*** Material provided ***

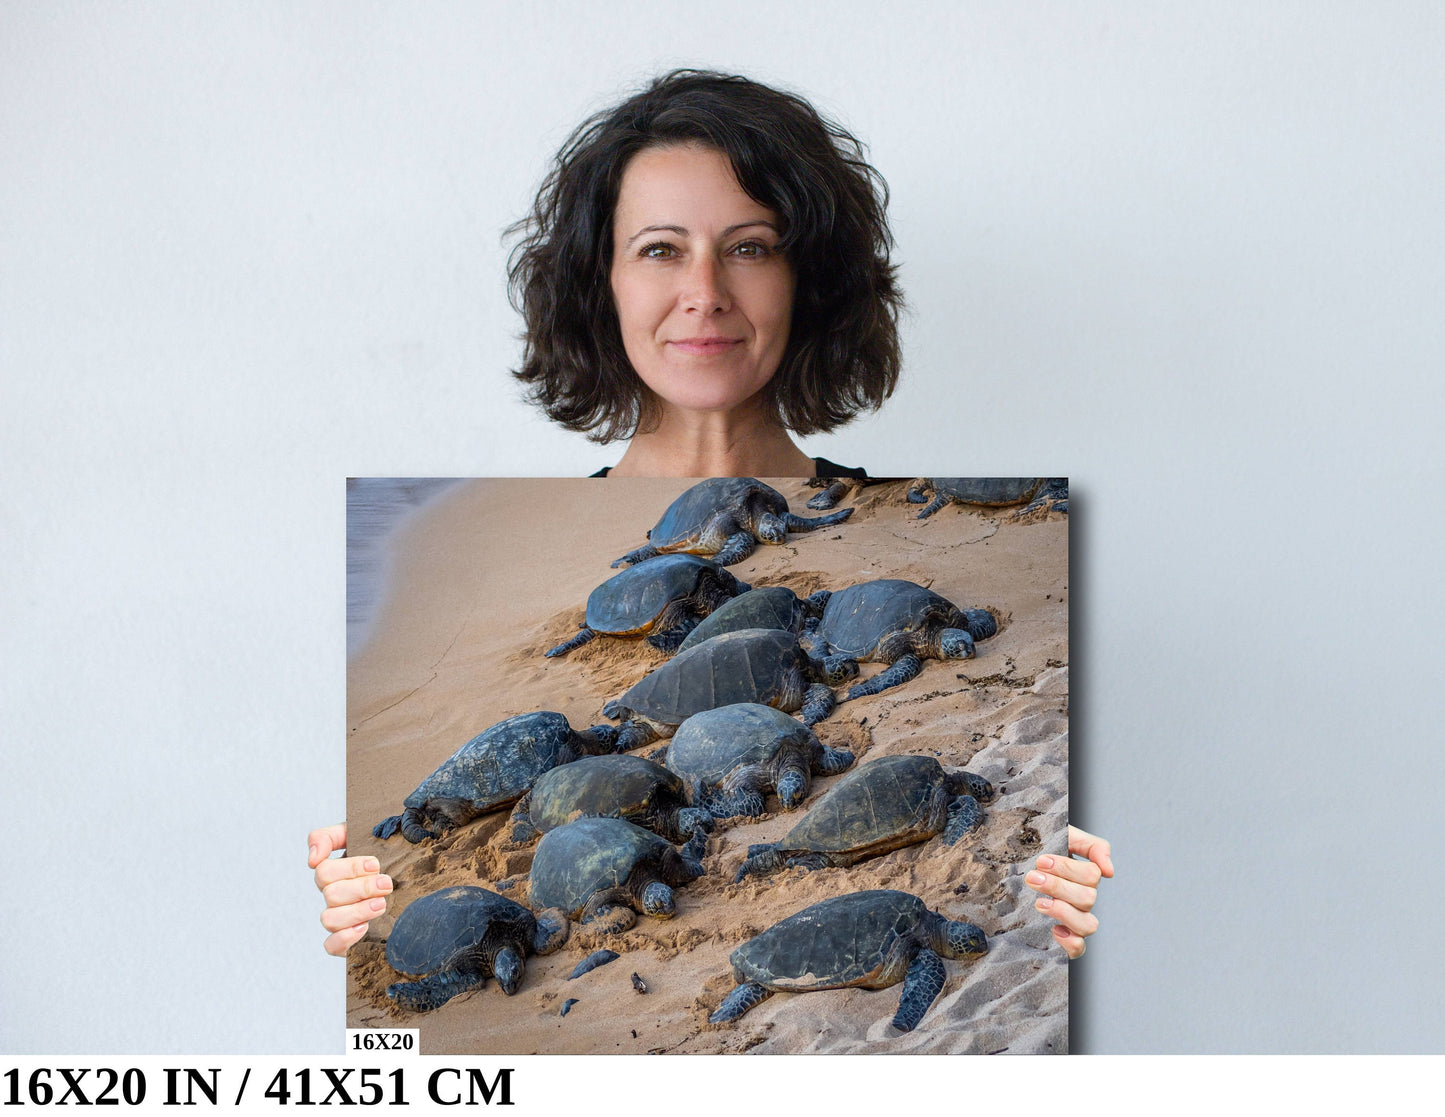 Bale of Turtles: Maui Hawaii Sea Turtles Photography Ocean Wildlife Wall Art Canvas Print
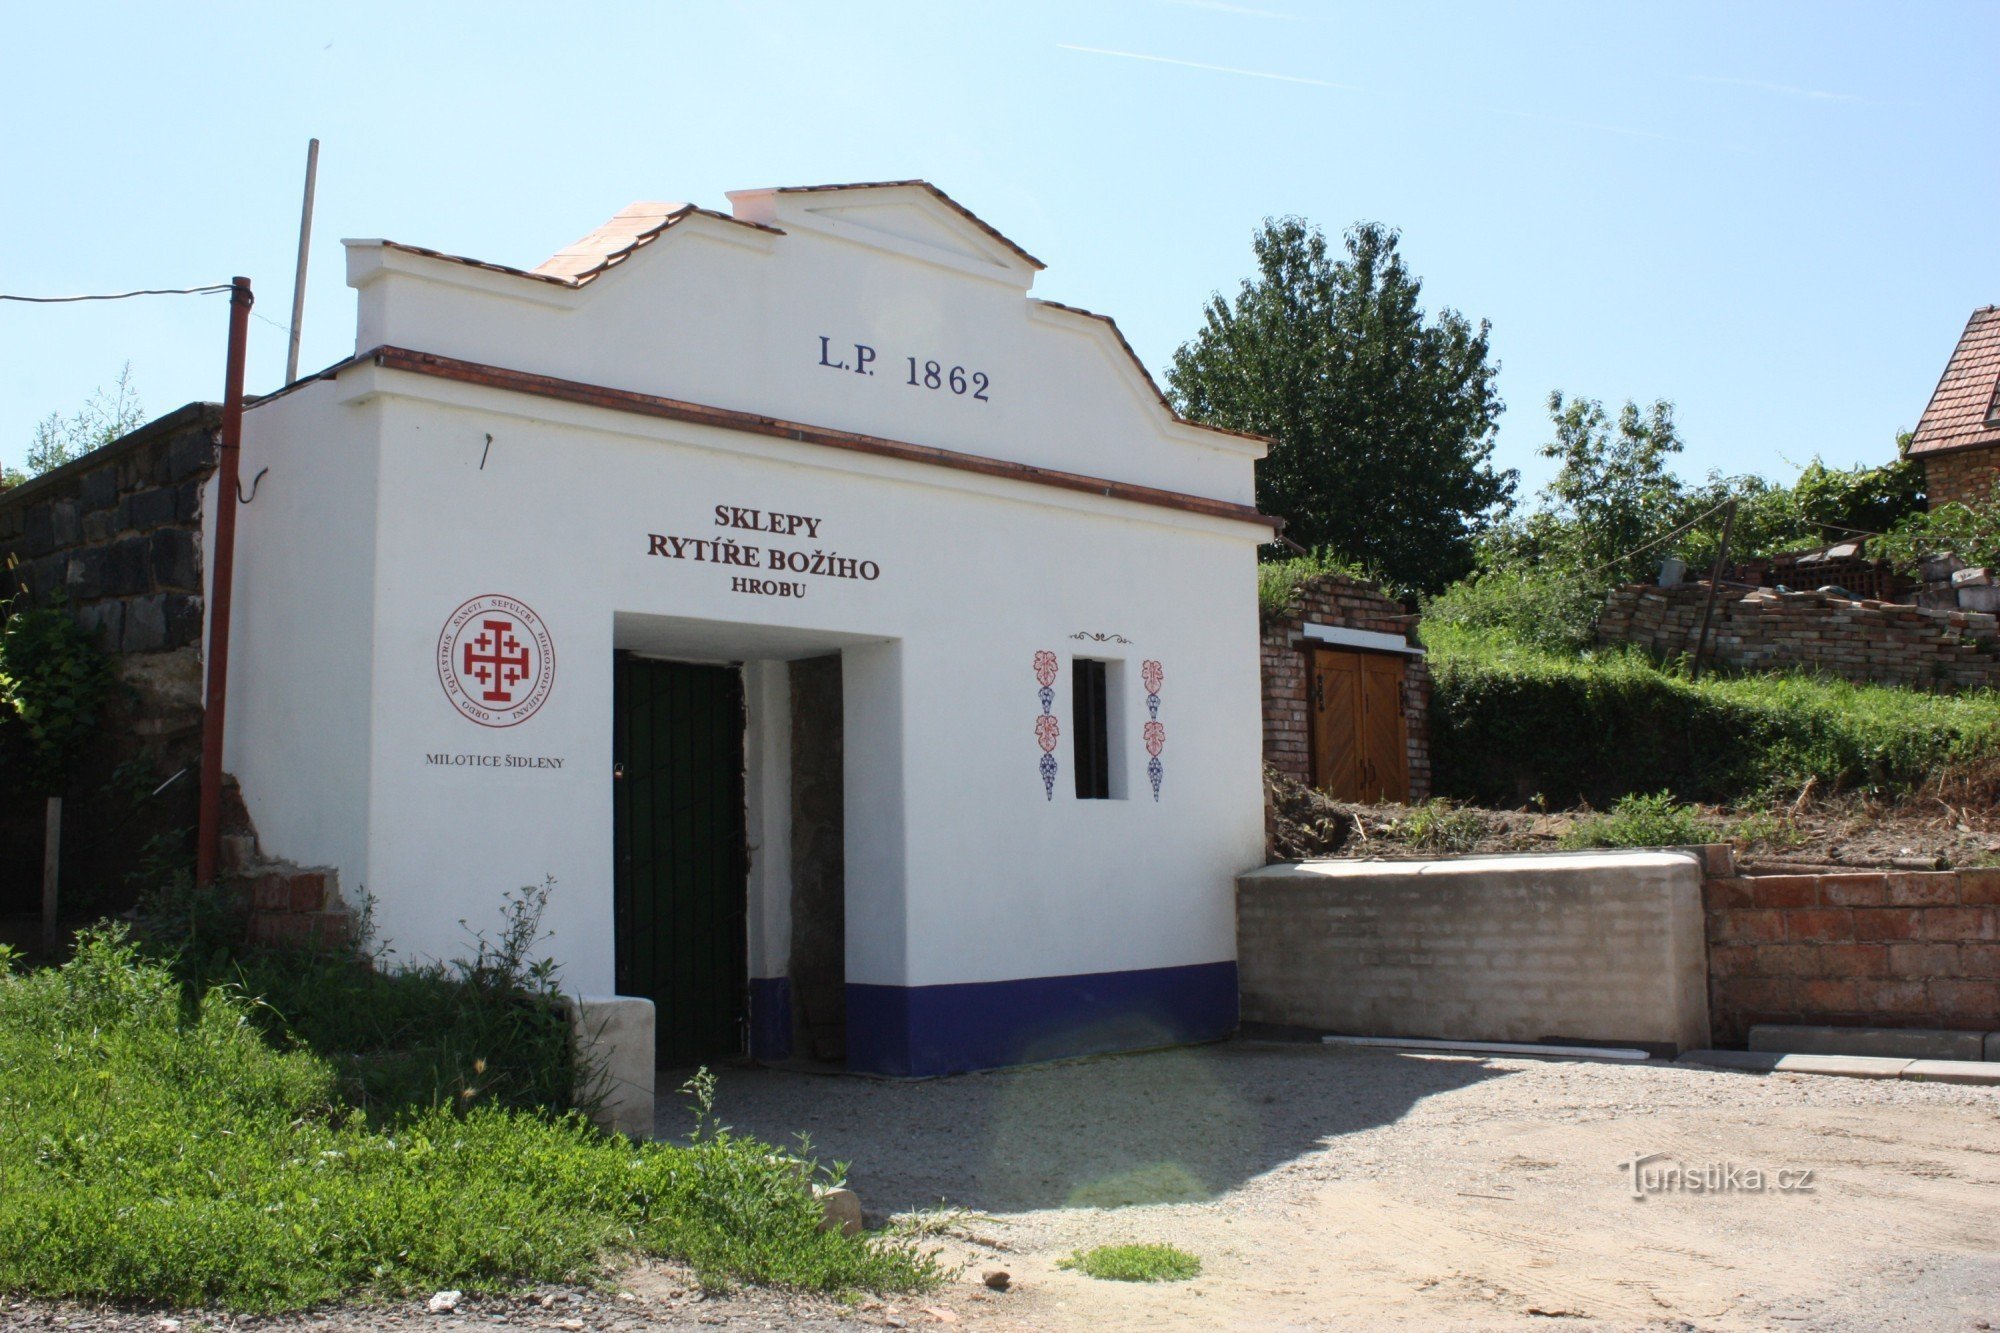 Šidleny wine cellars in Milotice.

*** End of Material provided ***
*** Material provided ***

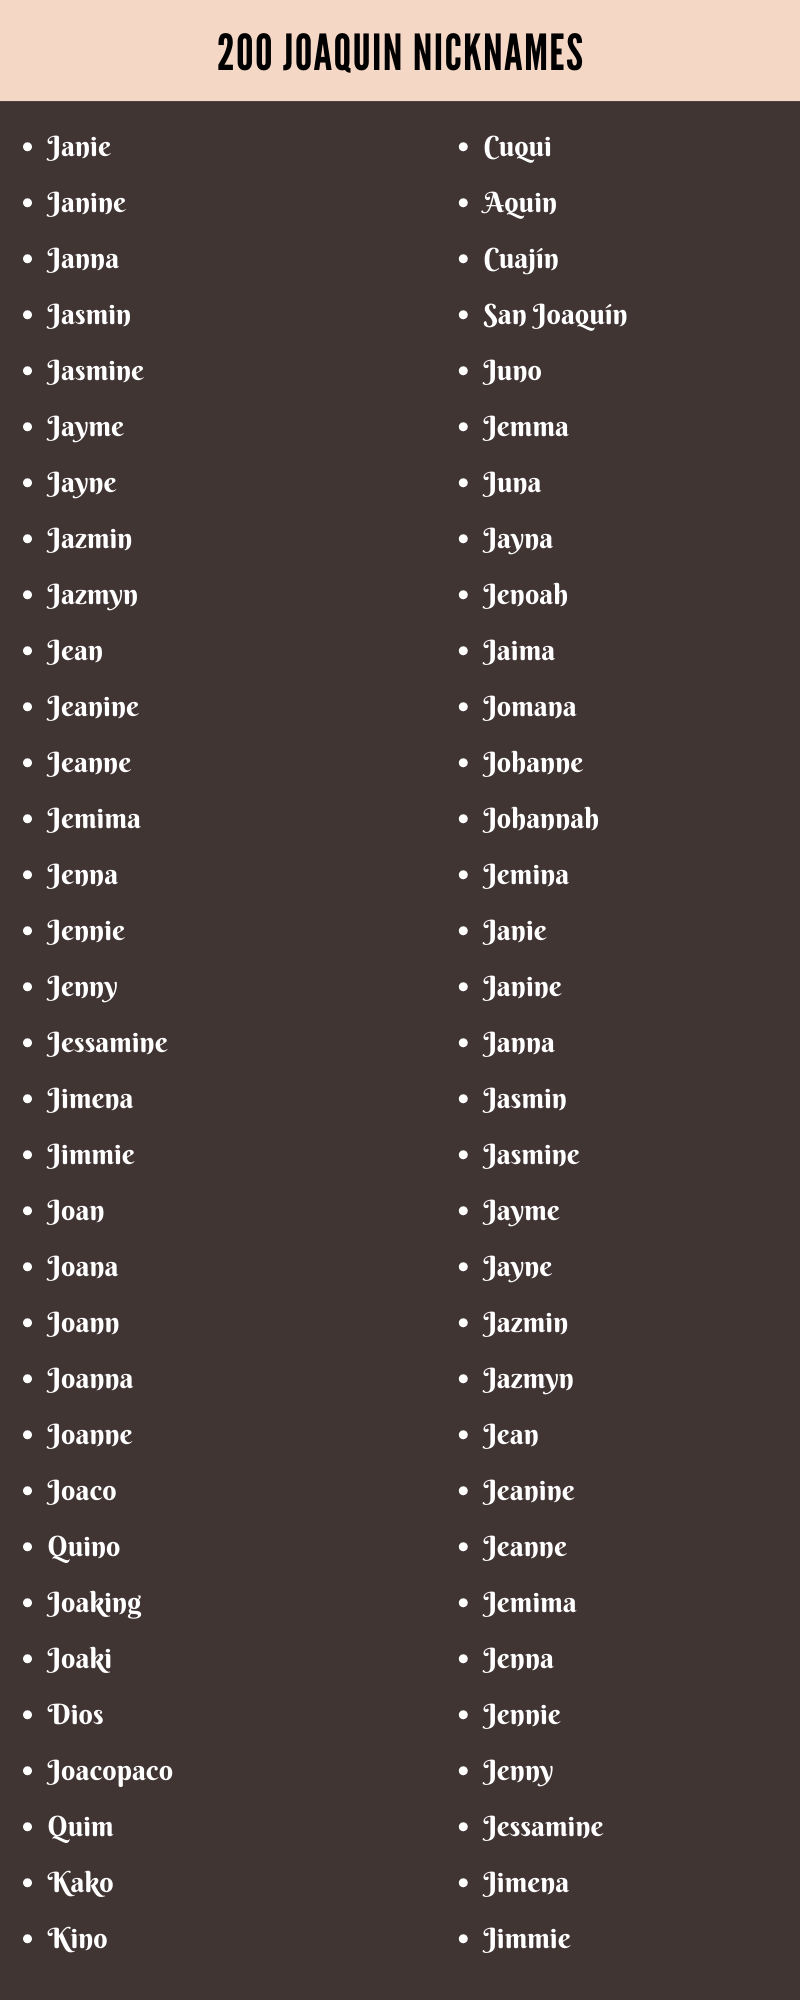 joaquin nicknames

*** End of Material provided ***

* _What this task involves_
Using the data above, retype exactly and only the lines from the one containing "Bale of Turtles: Maui" up to and including the one containing "Šidleny wine cellars in Milotice.", with no pictures carried over.

* _Exercise output_
 Bale of Turtles: Maui Hawaii Sea Turtles Photography Ocean Wildlife Wall Art Canvas Print
 Šidleny wine cellars in Milotice.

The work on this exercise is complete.